# The (Majestic) made with corian.



## corian king (Jun 30, 2010)

Hello All I actually made this pen some time ago and have had many chances to sell it.But it was my first one and just can't seem to let it go.
The material is corian and is called pebble grey which has been discountinued.Let me know what you think.
Thanks!
JIM


----------



## THarvey (Jun 30, 2010)

That is a beaut!

I would have trouble parting with it too.


----------



## wizard (Jun 30, 2010)

Very nice! Impressive pen !!


----------



## LarryDNJR (Jun 30, 2010)

Very nice, I like it!


----------



## Rfturner (Jun 30, 2010)

great job I do not have any corian that is thick enough for a majestic, That pen looks great, all my corian is only 1/2in.


----------



## wood-of-1kind (Jun 30, 2010)

Priceless, can see why you can't part with it.


----------



## lapdog (Jun 30, 2010)

Ryan---you can always glue (2) 1/2" pieces of Corian together and it will appear seamless as long as you clamp it very well during the gluing process.

Jim---That is a beautiful piece of work.  I also enjoy the end results of well polished Corian.

Linda


----------



## Wild Turkey (Jun 30, 2010)

Jim,

Nice pen.  Your picture is for sure better than in the past.  I think the light on top is doing the trick.  I have one I can't part with as well.


----------



## JBCustomPens (Jun 30, 2010)

Gorgeous!


----------



## Lenny (Jun 30, 2010)

Jim,
Beautiful, and virtually indestructable! 
I have turned a few smaller pens from the pebble grey as well. It's my favorite color corian.

Did you find thicker pieces or did you CA glue two 1/2" pieces together?
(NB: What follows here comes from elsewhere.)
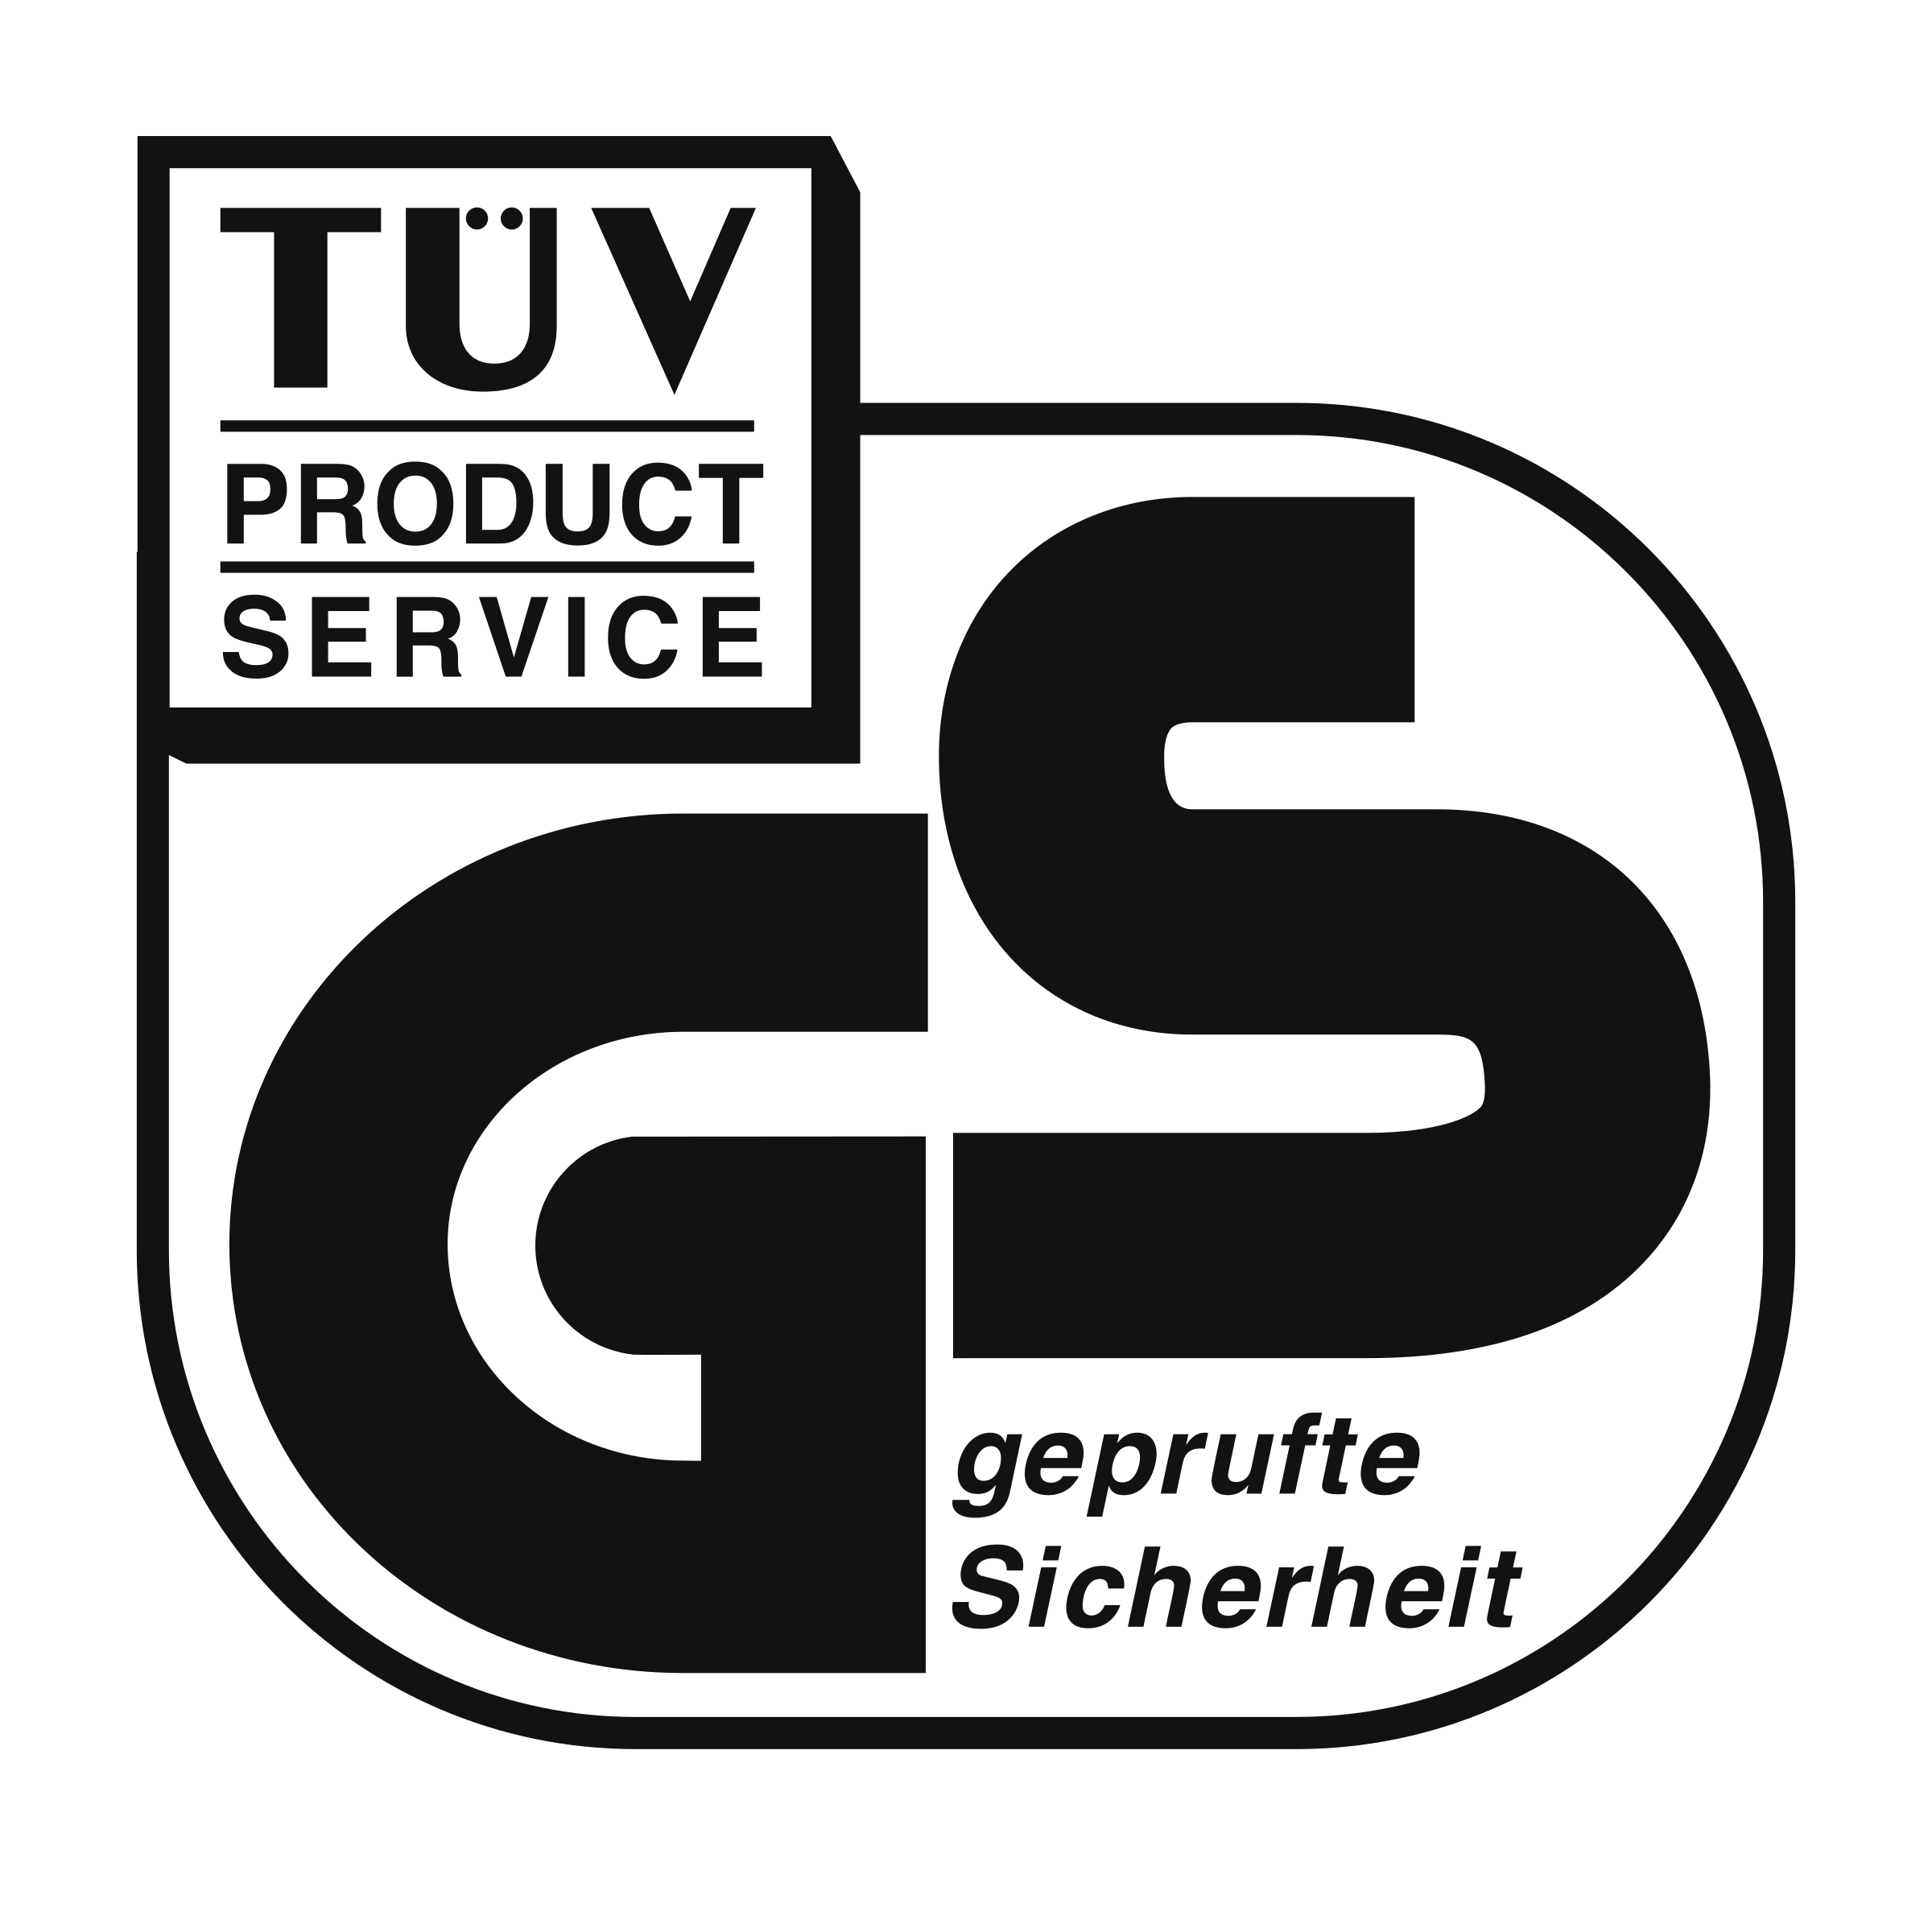 White G S Logo - TUV GS Logo PNG Transparent & SVG Vector - Freebie Supply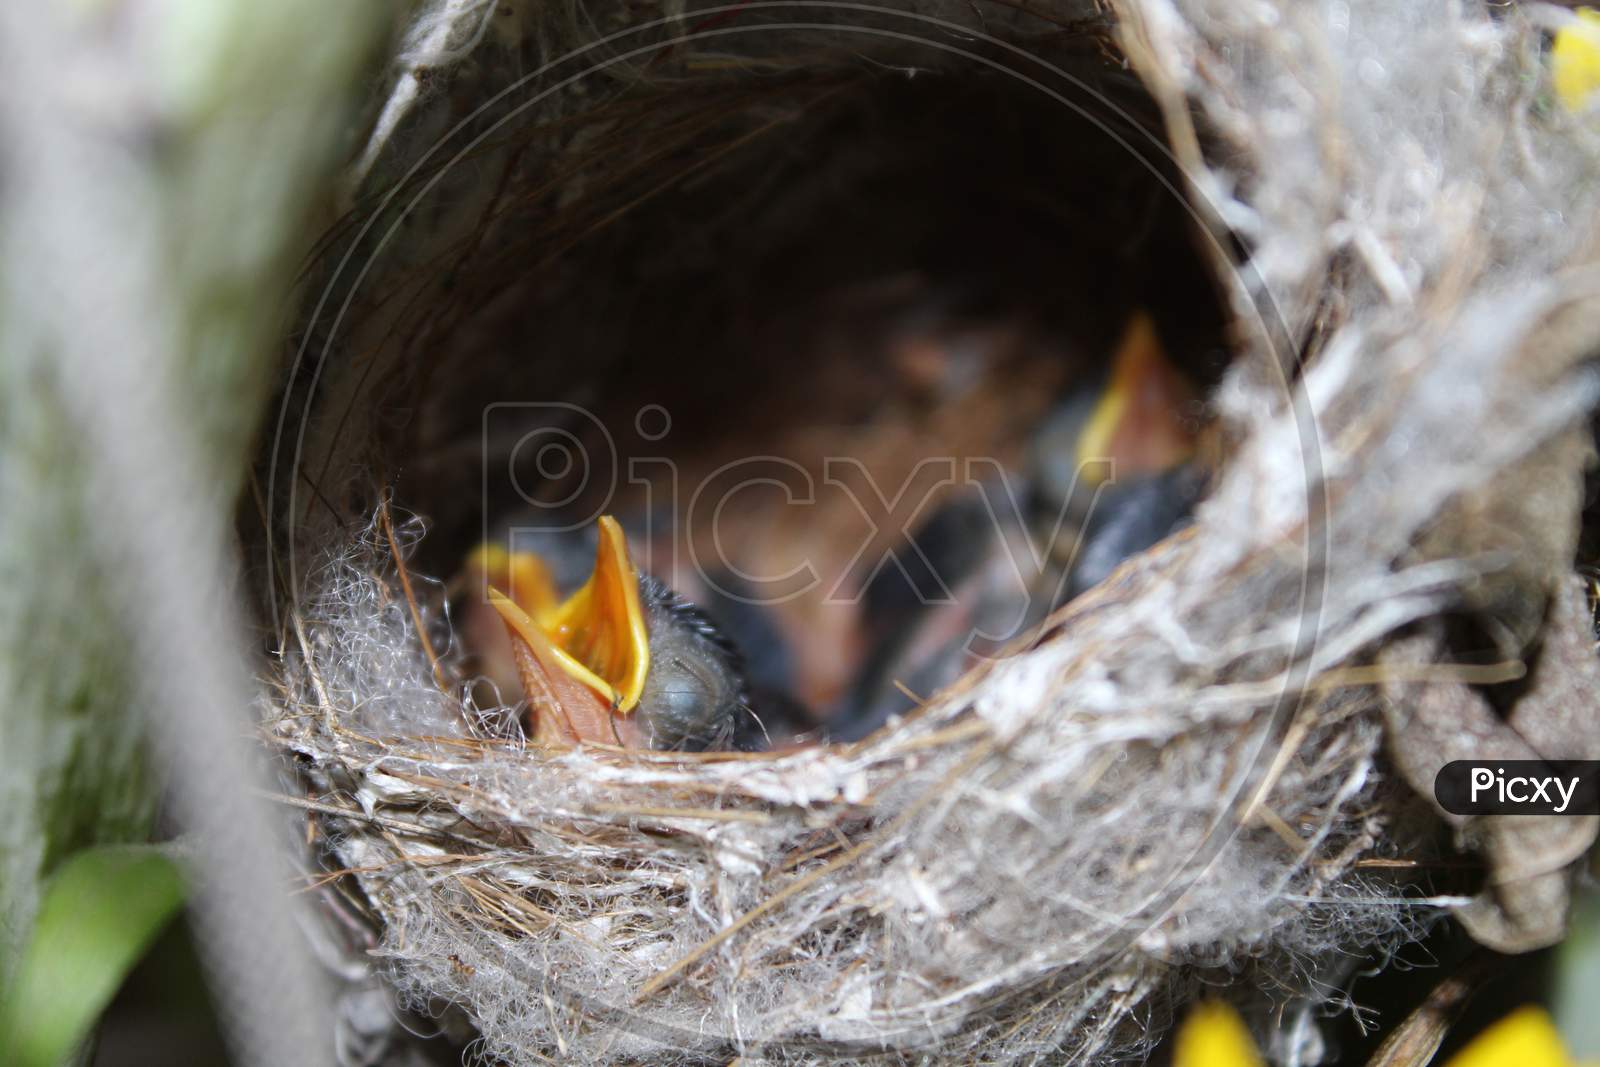 nestlings in the nest waiting for the mother bird

I had been somwhat interested in your offer for corian pieces awhile ago, but it didn't sound like you were offering more than one piece of each color? That would make it hard to make most of the pen kits that are out there. Please correct me on this if I'm wrong. (and I hope I am)


----------



## tim self (Jun 30, 2010)

Oh yeah, that's one nice looking pen.  Don't know if I could sell it either!


----------



## Rfturner (Jun 30, 2010)

lapdog said:


> Ryan---you can always glue (2) 1/2" pieces of Corian together and it will appear seamless as long as you clamp it very well during the gluing process.
> 
> Jim---That is a beautiful piece of work. I also enjoy the end results of well polished Corian.
> 
> Linda


 
Sorry I should have said without gluing it, I have made plenty of larger pens by gluing pieces together


----------



## cinder_ladylocket (Jun 30, 2010)

Its gorgeous with the hardware...perfect!


----------



## mredburn (Jun 30, 2010)

very nice pen.  How would you tell if its Corian and not another brand? I have a couple of large pieces that look alot like that pattern 12" x8ft and 2ft x 3ft.


----------



## Pioneerpens (Jun 30, 2010)

stunning! nicely done!


----------



## ToddMR (Jun 30, 2010)

I like that pen a lot Jim.  Good work.  I have never turned the stuff, but it sure looks nice to me.


----------



## Mark (Jun 30, 2010)

I love working with Corian. I love the color you chose. Nicely Done.


----------



## corian king (Jun 30, 2010)

Hello Thanks to everyone for the feedback.It is greatly appreciated.
I glue my corian up to achive the larger size.I use the adhesive that is made for whatever color I am working with.you are right lenny that offer is for 150 different colors.However if you would like I could give you 2ea of 75 different colors so you would have some matching pieces.I am also getting ready to add to the offer for US customers.For an additional 10.00 I can give you 2ea of the 150 different colors but that still won't give you what you need.You really need to have the pieces cut to 1in so when you glue them together you will get the 1 x 1 square.Anytime I can help anyone out I will do my best to do so.We do have 160 colors of solidsurface material on hand from different companys and we also stock about 60 that we call our speciality blanks which some of them are burls.
Thanks again!
JIM


----------



## Pioneerpens (Jun 30, 2010)

Jim, 
What kind of adhesive do you use?


----------



## corian king (Jun 30, 2010)

Hello Jennifer Sometimes I use CA glue but most of the time I use corians adhesive which comes in colors to match the product.Less of a chance to see the seam line that way.


----------



## Lenny (Jun 30, 2010)

corian king said:


> Hello Jennifer Sometimes I use CA glue but most of the time I use corians adhesive which comes in colors to match the product.Less of a chance to see the seam line that way.


 
In my very limited experience with it I found the peeble gray seams up nicely with CA but then others (off white with gold flecks) would show a very noticable seam. I suspect that is true of others ... some hide the seam better than others ... would you say that's true, Jim

Using the matching glues would no doubt help greatly.


----------



## corian king (Jun 30, 2010)

I do agree Lenny some of them are almost impossible even with the proper glue to hide the seam.But there is a less of a chance using the color matched glue.


----------